Егор лежал, не в силах пошевелиться. Он не чувствовал облегчения или радости, нет, ему было тяжело и мерзко. Немного погодя в комнату вошла мать. Она села на край кровати и спросила:
– Ты брал деньги?
Егор был настолько изможден уже пережитым, что новый допрос показался ему жесточайшей пыткой, будто наполовину утопленного и вынутого из воды в самый последний момент, его, еще не успевшего надышаться, не успевшего наполнить воздухом легкие, вновь окунали в пучину. Он нахмурился и отрицательно покачал головой.
– Поклянись, – потребовала мать. – Ну, своей жизнью ты не побоишься поклясться, а моею и подавно… поклянись жизнью отца.

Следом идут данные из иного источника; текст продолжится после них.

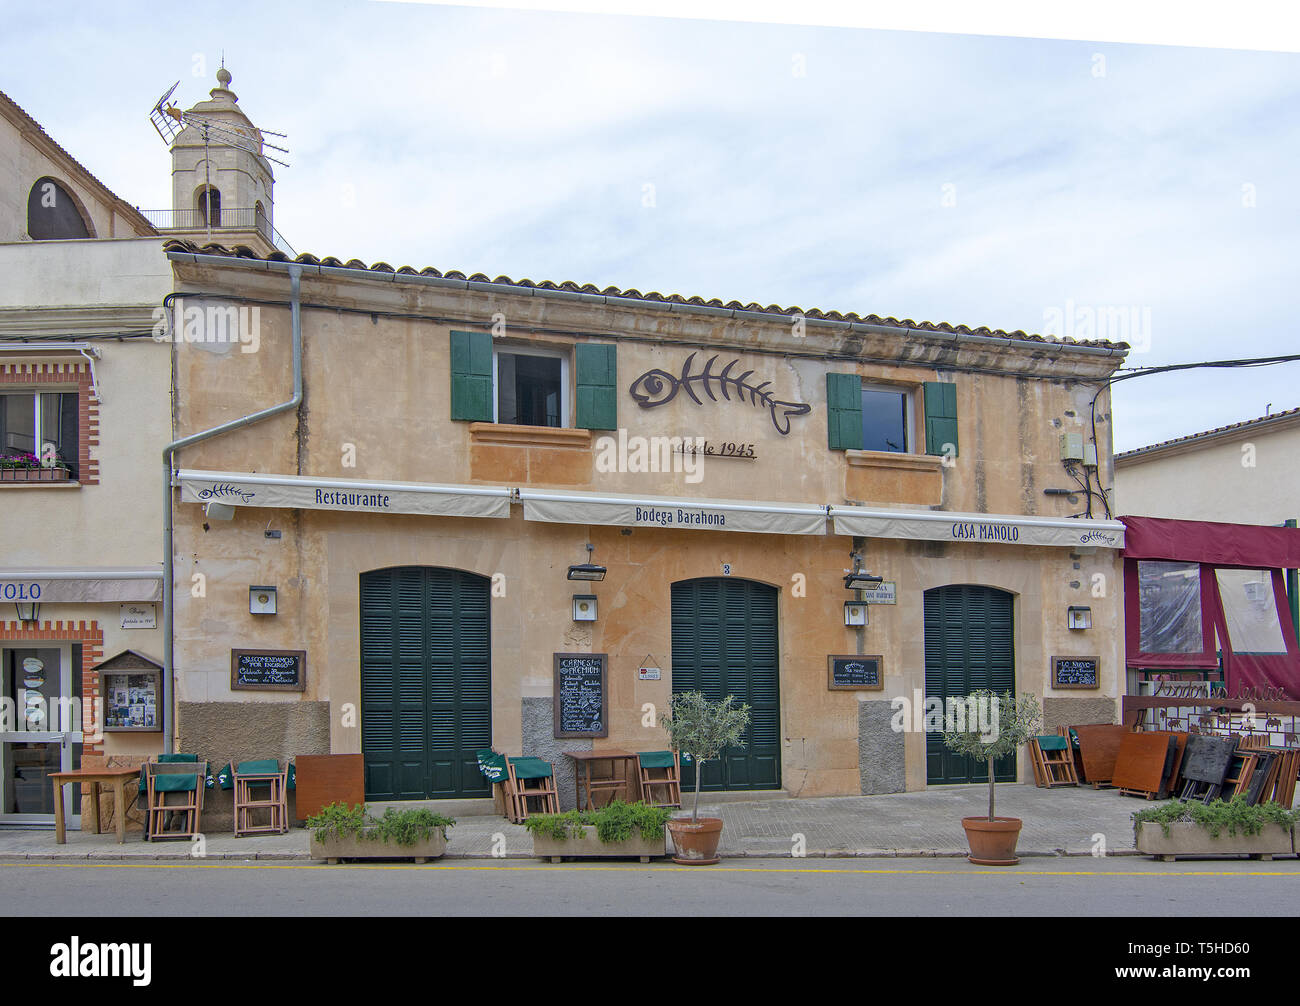 SES SALINES, MALLORCA, SPAIN - APRIL 15, 2019: Bodega Barahona front street view in central city on an overcast day in the beginning of tourist season Stock Photo

Егор застыл в оцепенении, уставившись в экран телевизора, на котором крупным планом расплылось похожее на кота хитрое усатое лицо Миронова. Это был подлый ход. Он любил отца, и не хотел клясться его жизнью. Егор долго глядел в одну точку и молчал. Эта долгая пауза говорила сама за себя: он лжет, лжет от первого до последнего слова. Но потом он все же выдавил из себя: клянусь.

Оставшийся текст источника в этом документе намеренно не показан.